| Aim of the task |
The listing below should be reproduced exactly, with the pictures omitted.

| Data below |
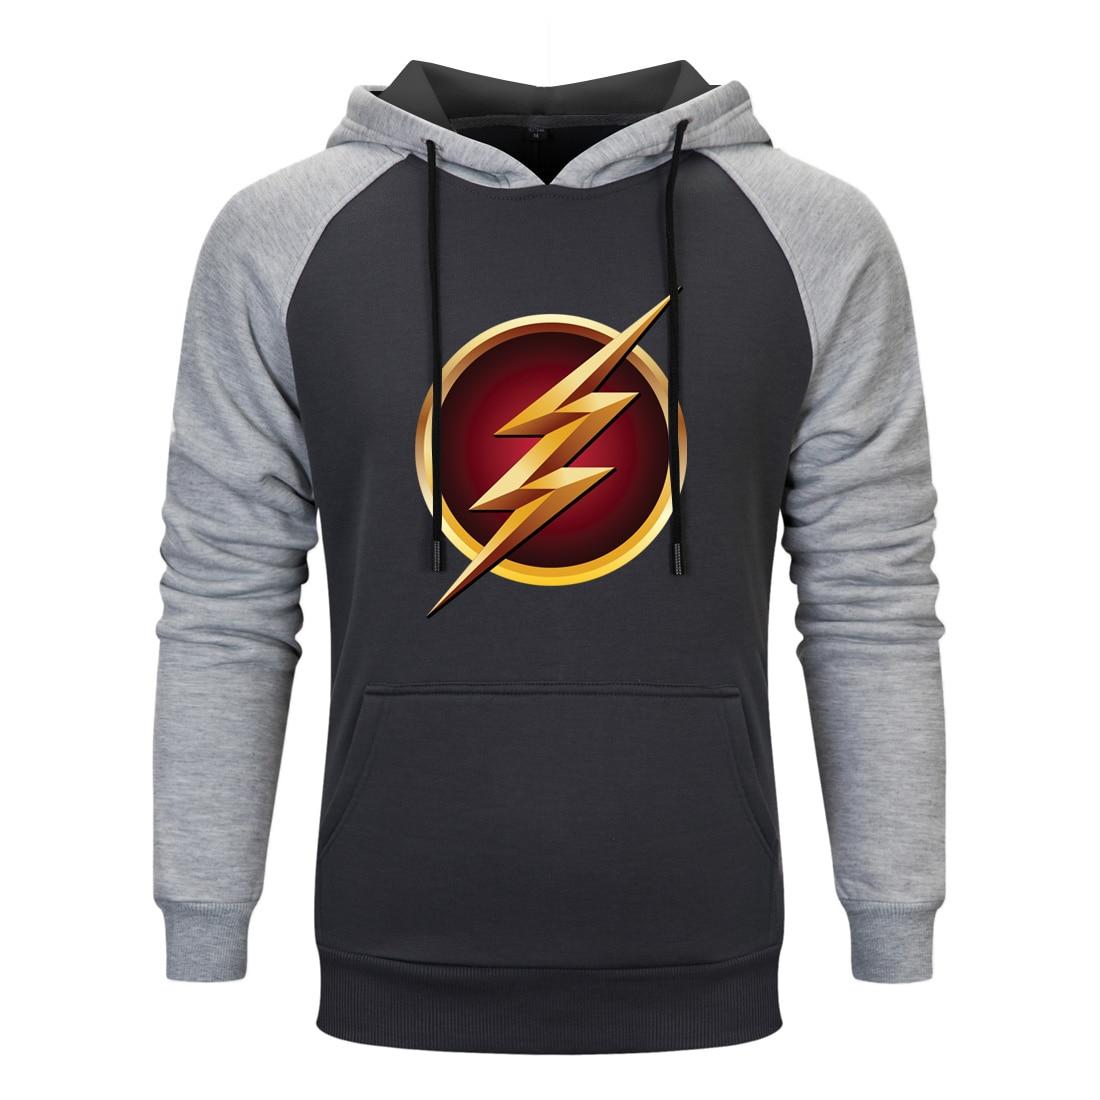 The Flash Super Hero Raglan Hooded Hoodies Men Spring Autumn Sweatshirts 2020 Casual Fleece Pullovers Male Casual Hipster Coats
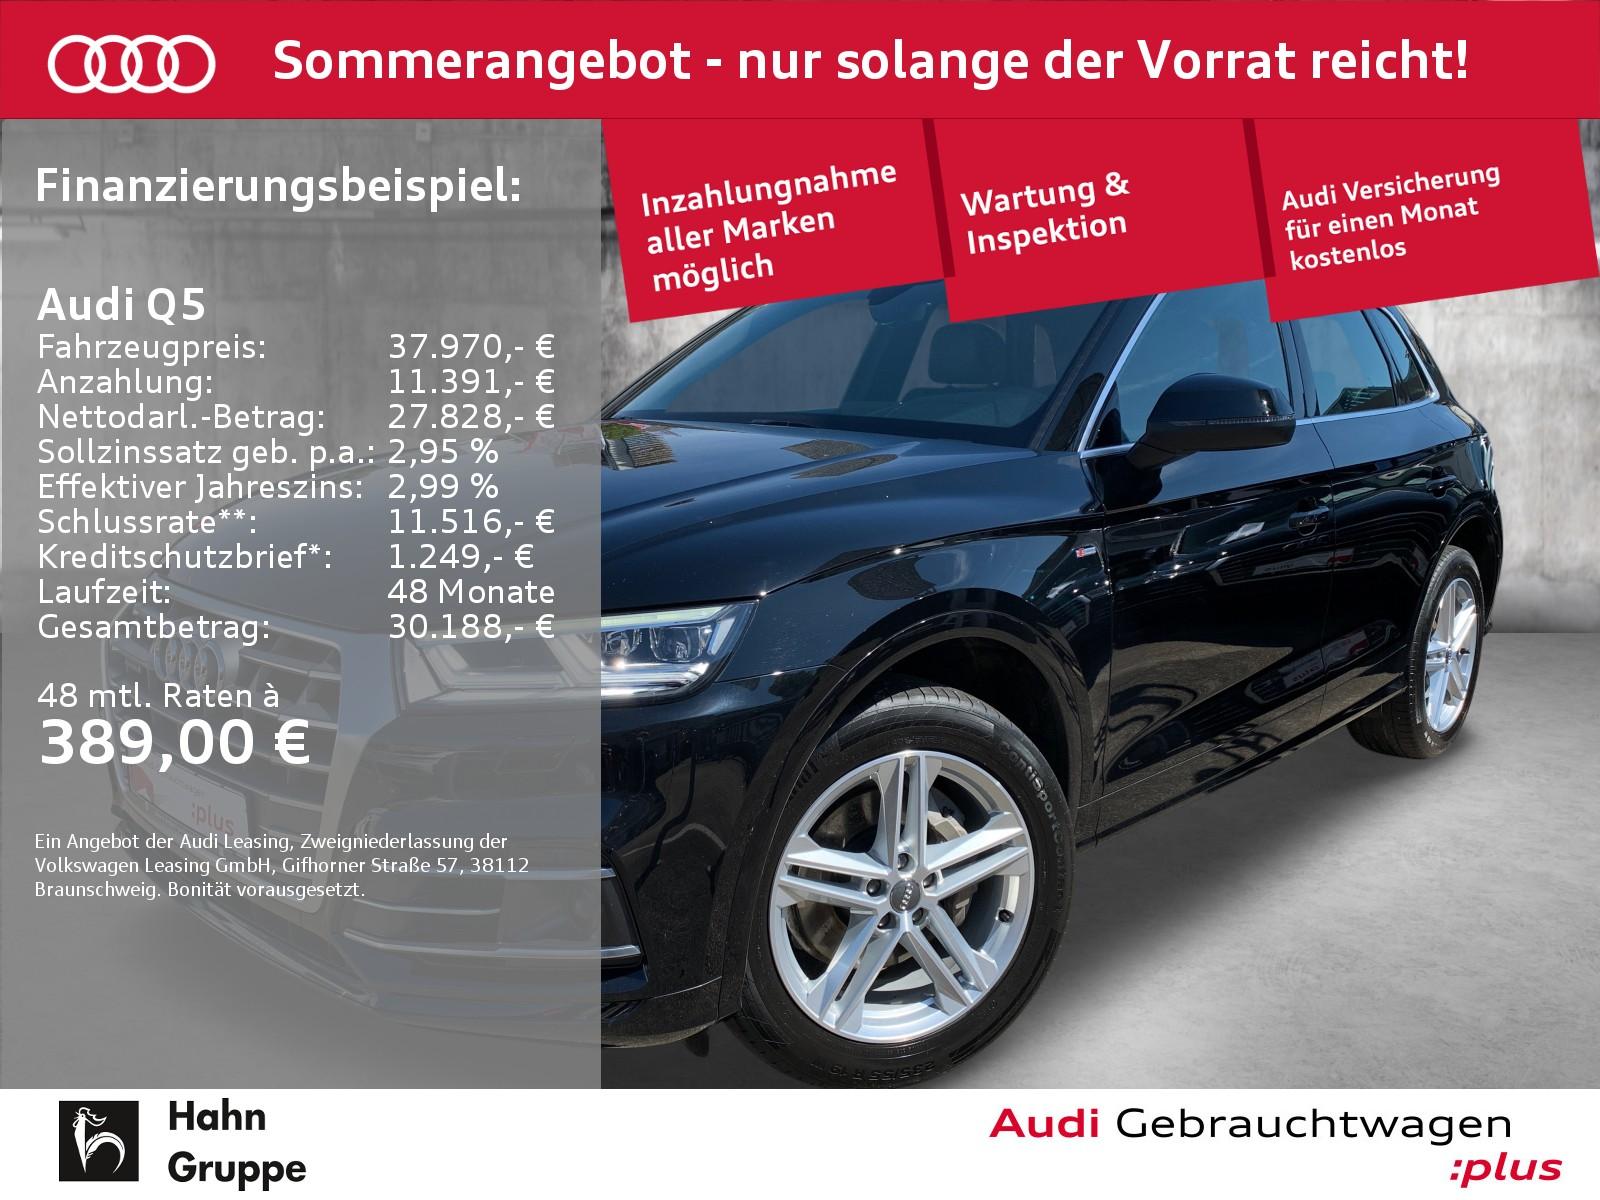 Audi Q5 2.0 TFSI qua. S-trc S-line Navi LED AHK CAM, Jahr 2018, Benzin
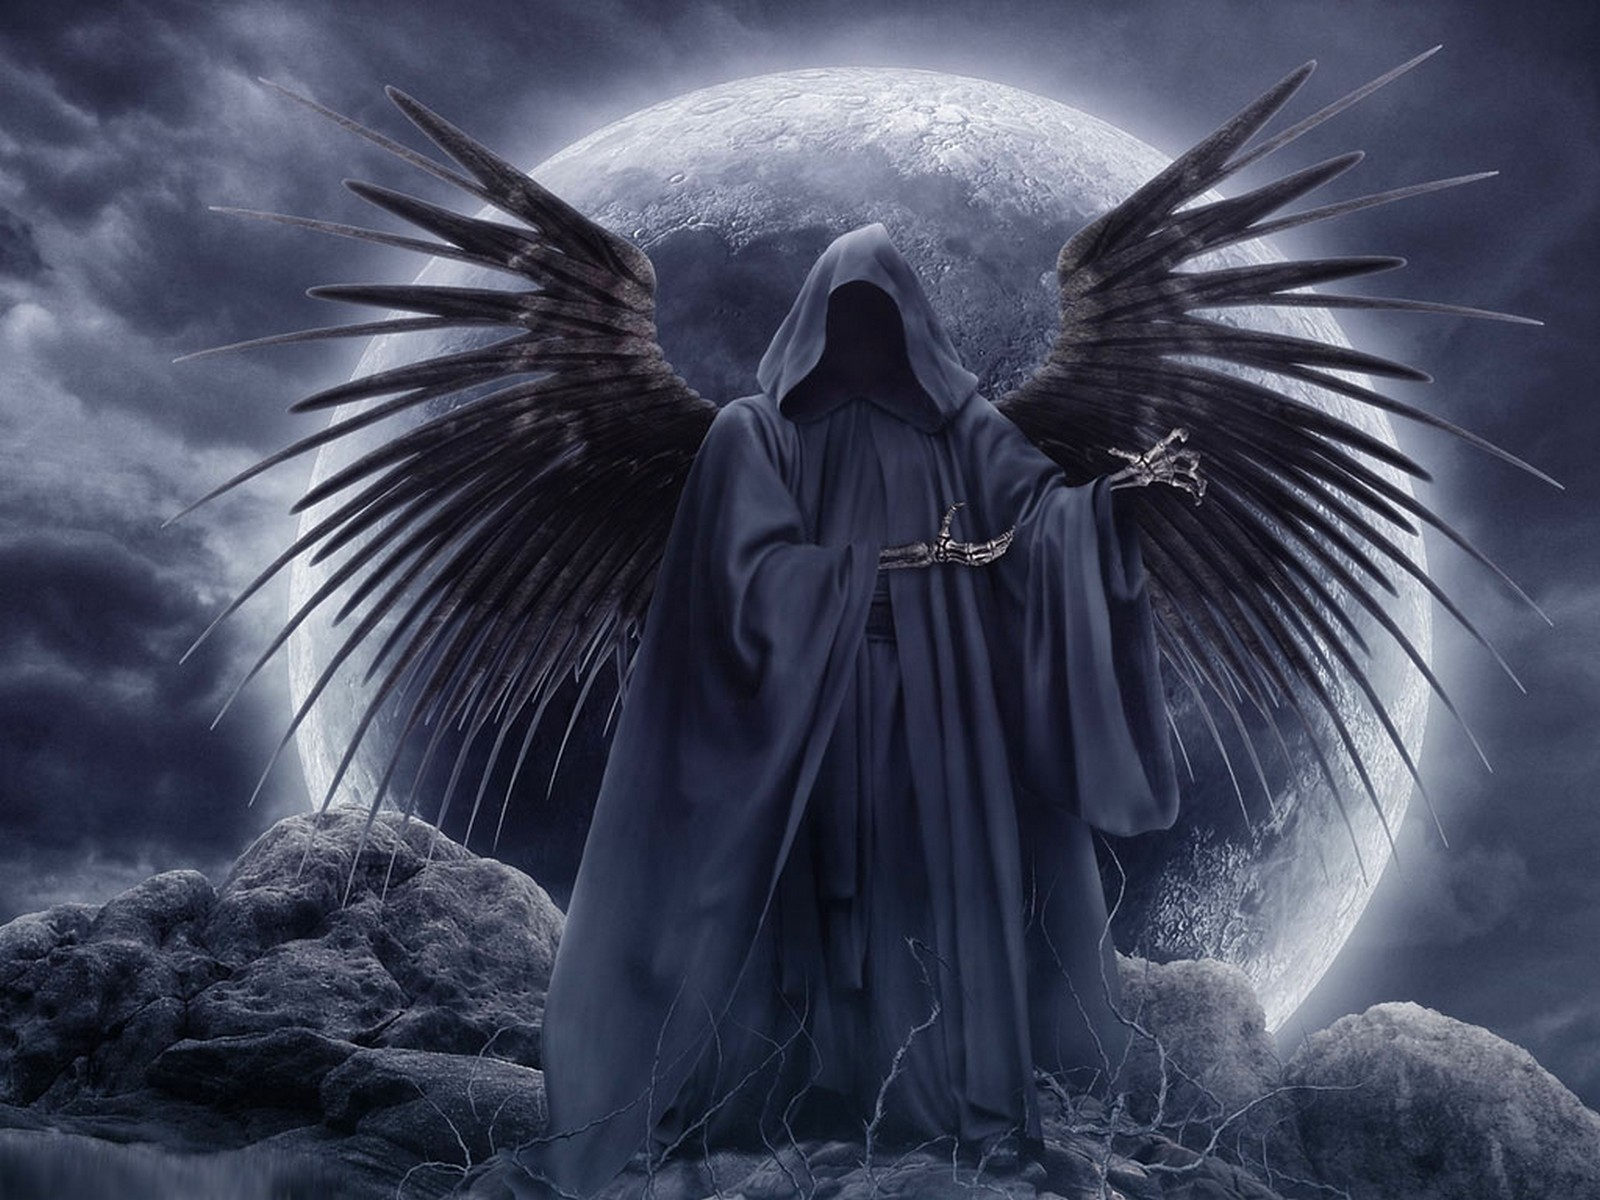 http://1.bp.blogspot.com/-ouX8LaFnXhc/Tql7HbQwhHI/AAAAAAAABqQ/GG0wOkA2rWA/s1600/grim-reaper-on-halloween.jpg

| Written response |
 The Flash Super Hero Raglan Hooded Hoodies Men Spring Autumn Sweatshirts 2020 Casual Fleece Pullovers Male Casual Hipster Coats
 Audi Q5 2.0 TFSI qua. S-trc S-line Navi LED AHK CAM, Jahr 2018, Benzin
 http://1.bp.blogspot.com/-ouX8LaFnXhc/Tql7HbQwhHI/AAAAAAAABqQ/GG0wOkA2rWA/s1600/grim-reaper-on-halloween.jpg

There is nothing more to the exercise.